National Science Foundation
Project Title: Access Methods for Bitemporal Databases
Vassilis J. Tsotras
Department of Computer Science and Engineering
University of California
Riverside, CA 92521
Substitute-PI (Aug.1998-Aug.1999):
Alex Delis
Department of Computer and Information Science
Polytechnic University
Brooklyn, NY 11201
Contact Information
Vassilis J. Tsotras
Department of Computer Science and Engineering
University of California
Riverside, CA 92521
Phone: (909) 787-2888
Fax : (909) 787-4643
Email: tsotras@cs.ucr.edu , http://www.cs.ucr.edu/~tsotras
WWW PAGE
http://www.cs.ucr.edu/~tsotras/temporal.html
Project Award Information
-
Award Number: NSF IIS-9509527
-
Duration: Sept. 1, 1995-Aug. 31, 1999
-
Title: Access Methods for Bitemporal Databases
Keywords
temporal databases, access methods, transaction-time, valid-time,
I/O optimization
Project Summary
Traditional databases capture only the most current data
(snapshot) of the modeled reality. While snapshot information is enough
for a number of applications, it is not sufficient for applications that
require past and/or future data. Instead, a bitemporal database is needed,
i.e., a database that supports both valid time (the time when an event
was valid in the modeled reality) and transaction time (the time when the
database was updated). Much research has been performed recently on access
methods that support transaction time, however, not much has been done
for bitemporal indexes, i.e., methods that support both transaction and
valid time on the same index structure. The objective of this project is
to design efficient access methods for bitemporal databases. A novel approach
is used that reduces bitemporal queries to problems of partial persistence
for which efficient access methods are then designed. Various basic bitemporal
queries are addressed, like the bitemporal pure and range timeslice queries.
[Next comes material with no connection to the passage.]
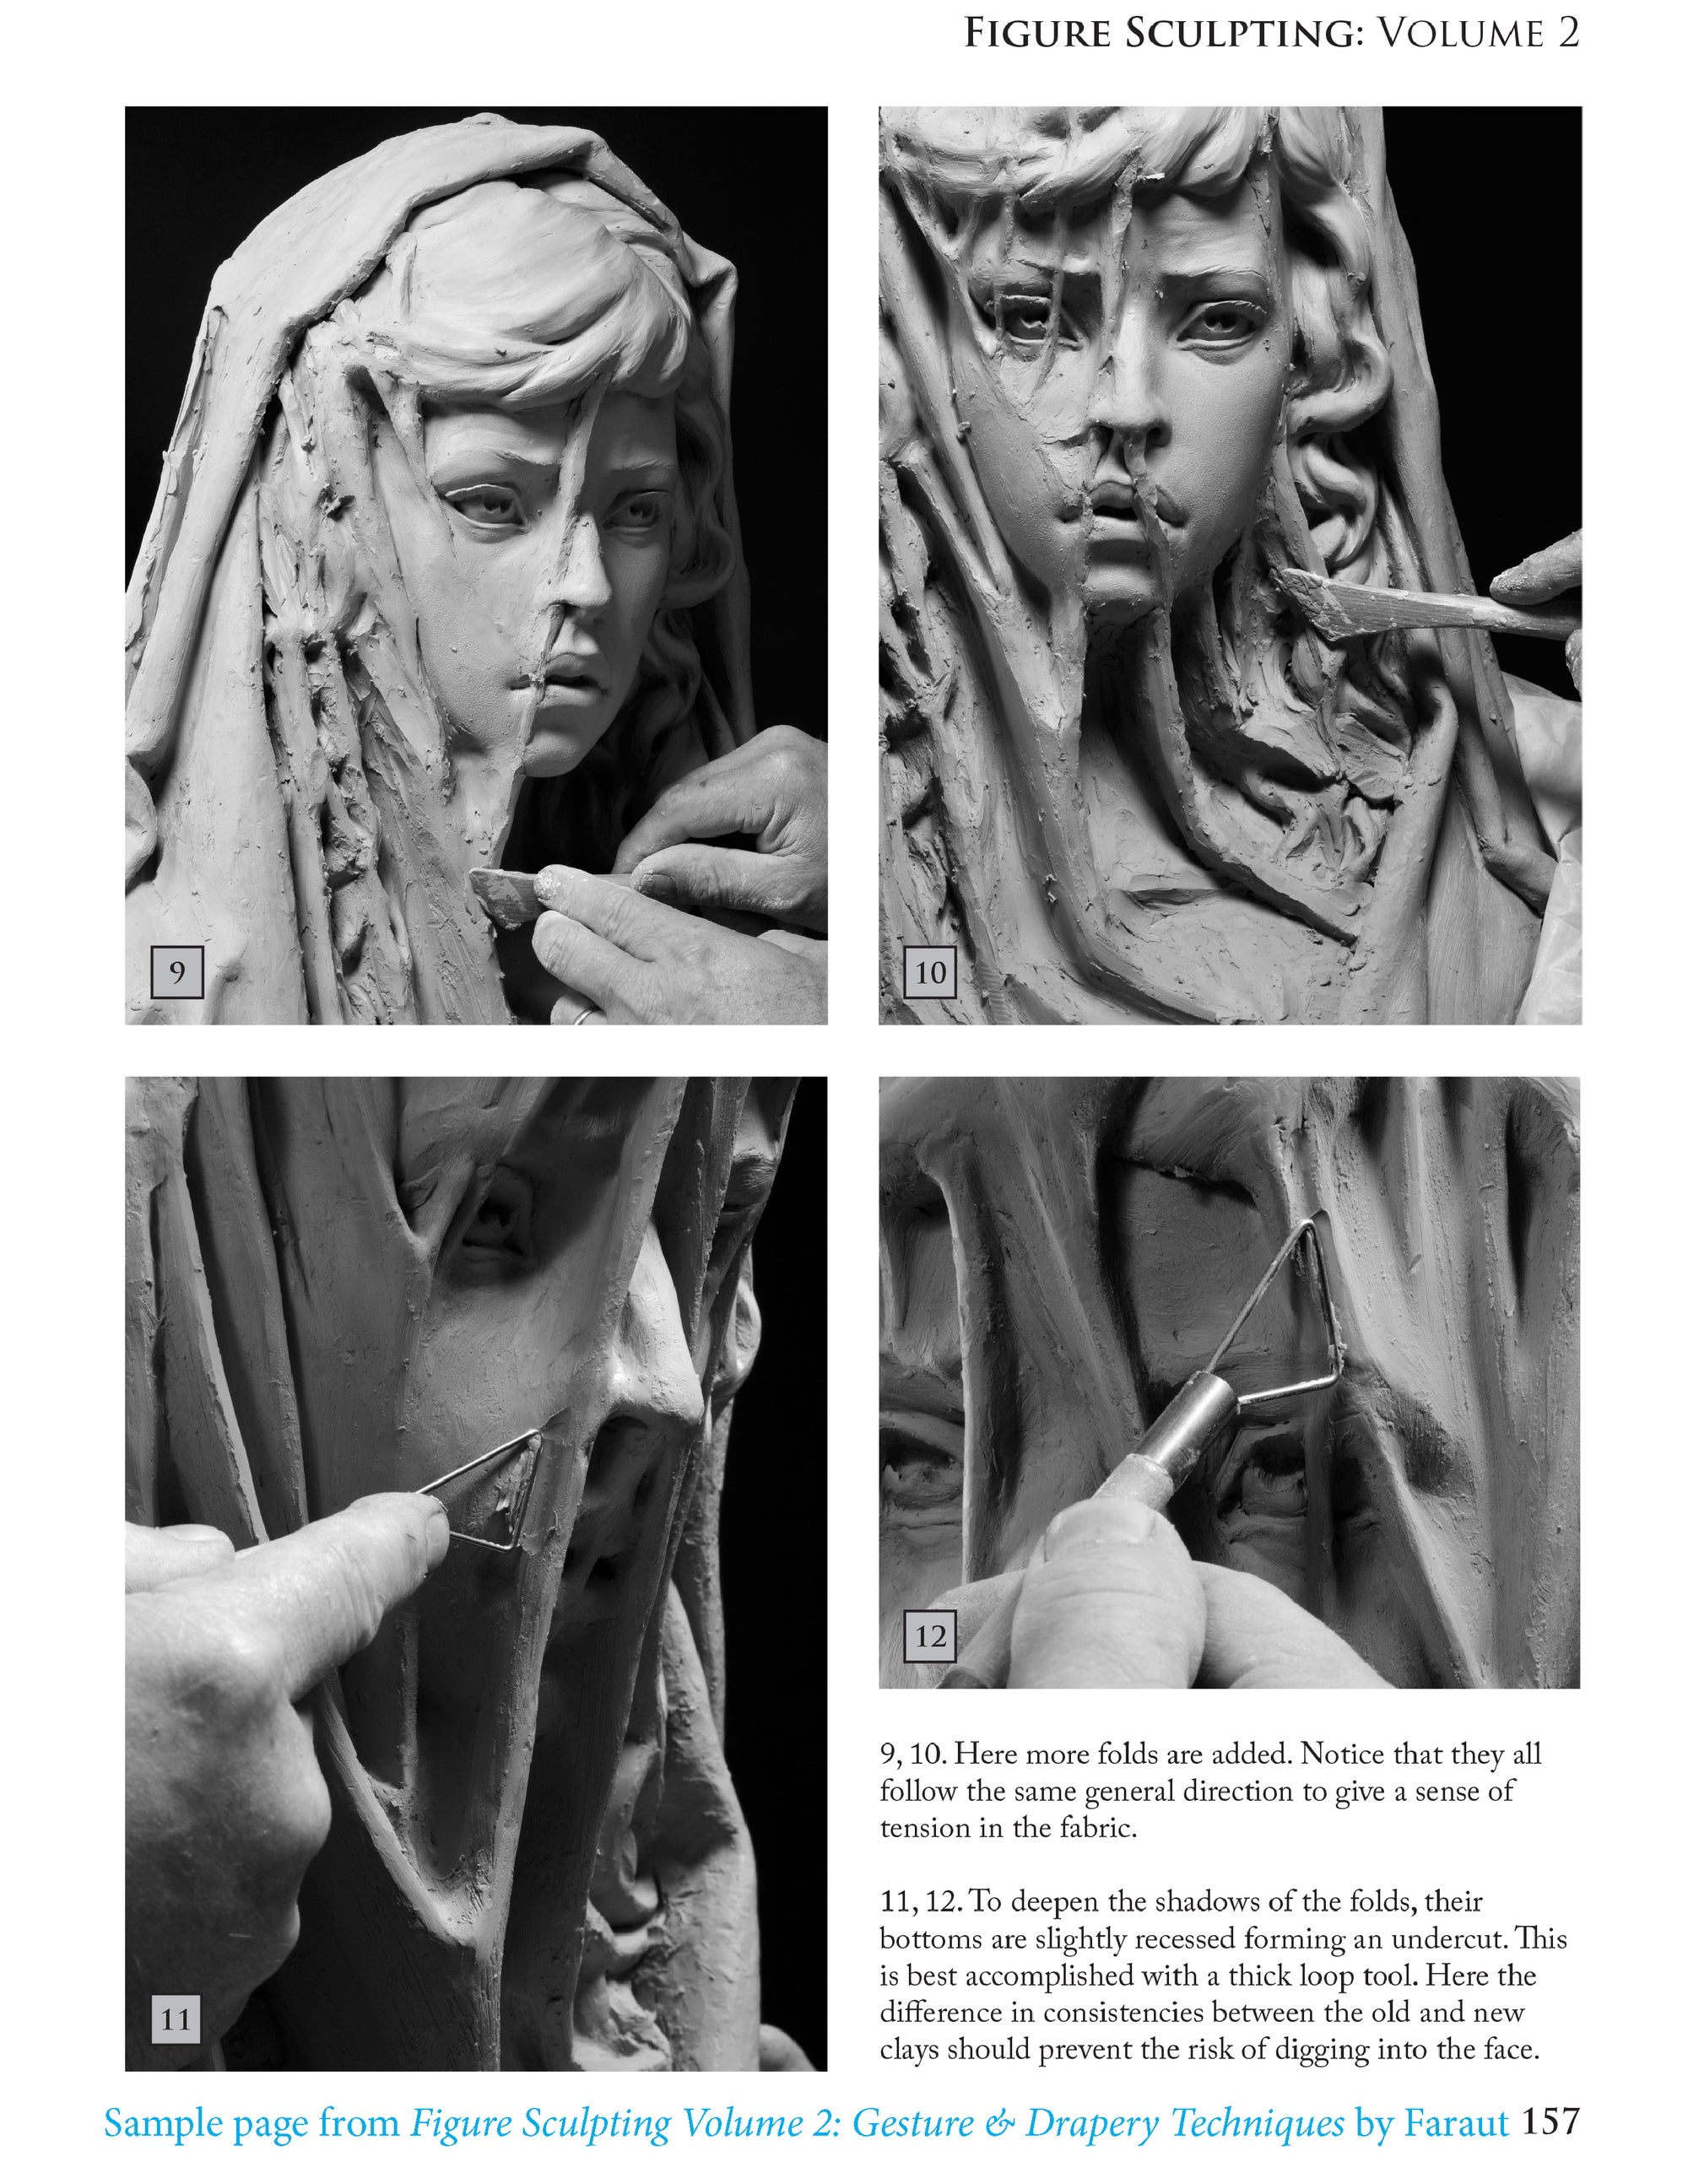  Sample page from book: Figure Sculpting Volume 2 by Faraut showing how to sculpt translucent fabric
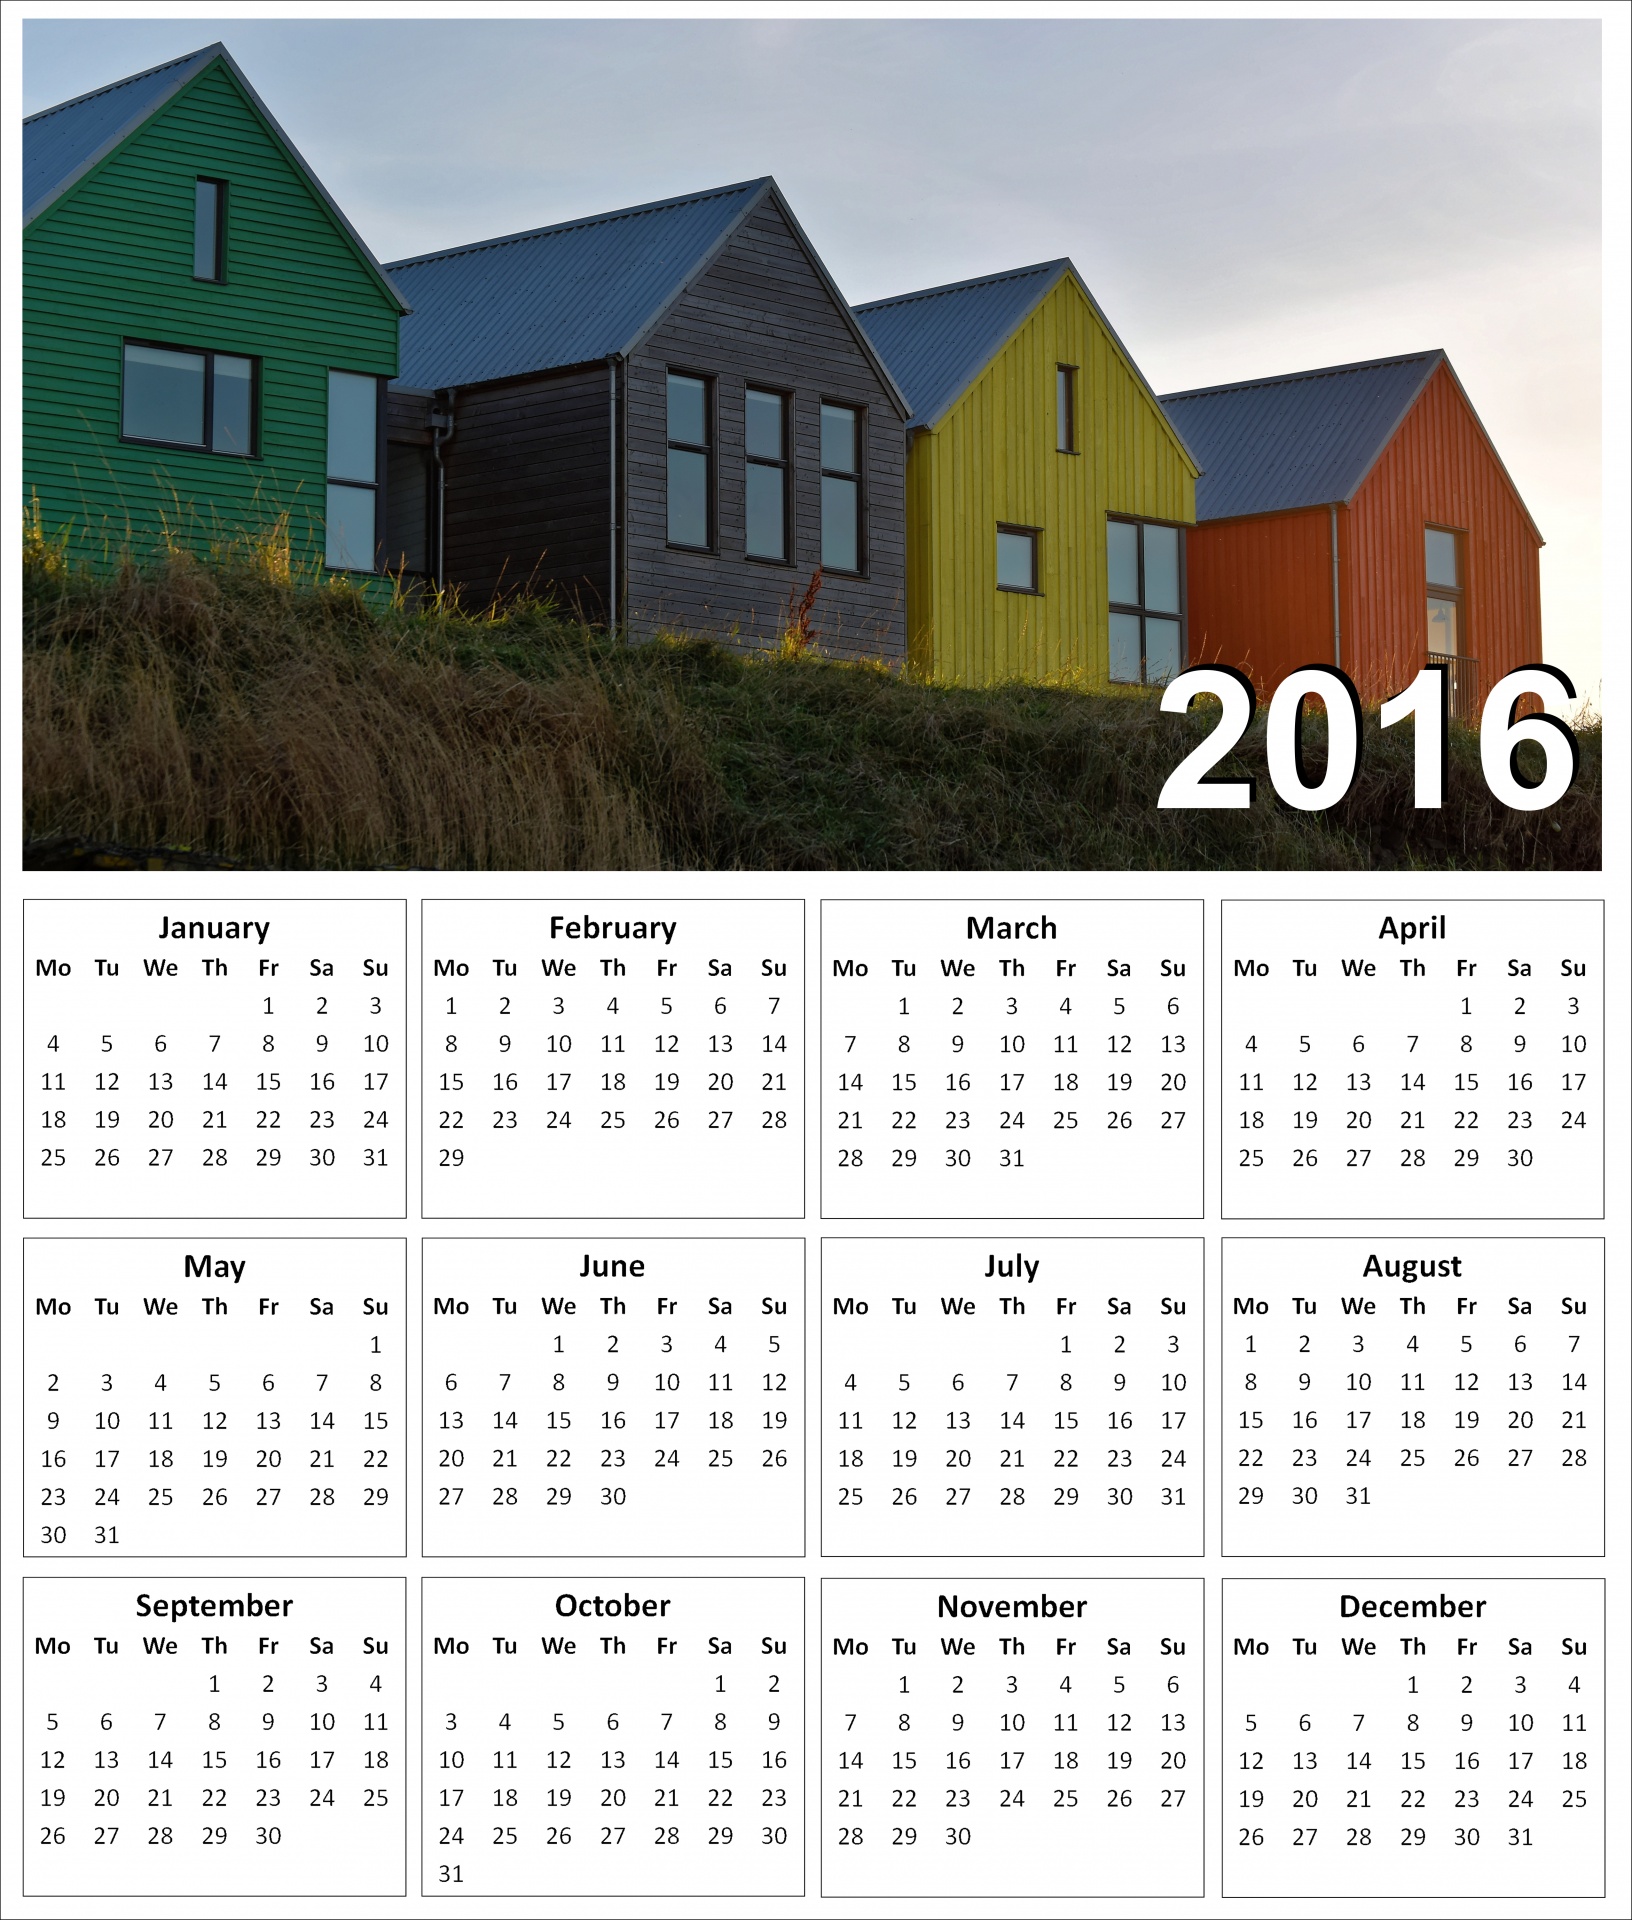 2016 Wall Calendar with a Coloured houses Image

We have also examined the problem of temporal hashing, i.e., membership
queries over sets time-evolving sets. Currently we examine efficient ways
to perform bitemporal joins. We are also looking into indexing spatiotemporal
databases. The results of this project aim at more efficient implementation
of Temporal DBMS.
Goals, Objectives, and Targeted Activities
The primary goal of this project is to provide efficient
access methods for bitemporal databases. Our basic contribution is that
bitemporal queries can be seen as partial persistence problems. In the
first two years we investigated various bitemporal queries, starting from
the simplest bitemporal pure-timeslice query. We invented the Bitemporal
Interval Tree for this problem. Our approach was to take the Interval Tree
and make it partially persistent. We implemented this method and compared
it with two other approaches: (i) the 2-R tree methodology, and (ii) an
approach that uses a single R-tree. The performance of the Bitemporal Interval
Tree and its limitations are examined in [2]. While the Bitemporal Interval
Tree has guaranteed worst case performance, it is limited in that it requires
apriori knowledge of the valid-time universe and applies only to the bitemporal
pure-timeslice query.
We then examined more complex bitemporal queries, including
queries involving ranges in the transaction and valid time dimensions.
We were able to provide a more robust solution based on persistent R-trees.
The result is the Bitemporal R-tree [1], that applies partial persistence
on an R-tree. Our method has good average case behavior (which is also
what regular R-trees provide) but it applies to a large variety of bitemporal
queries involving ranges. We implemented this method and compared with
the 2-R and single R-tree approaches. Our results show that the Bitemporal
R-tree behaves much better than the other approaches [1].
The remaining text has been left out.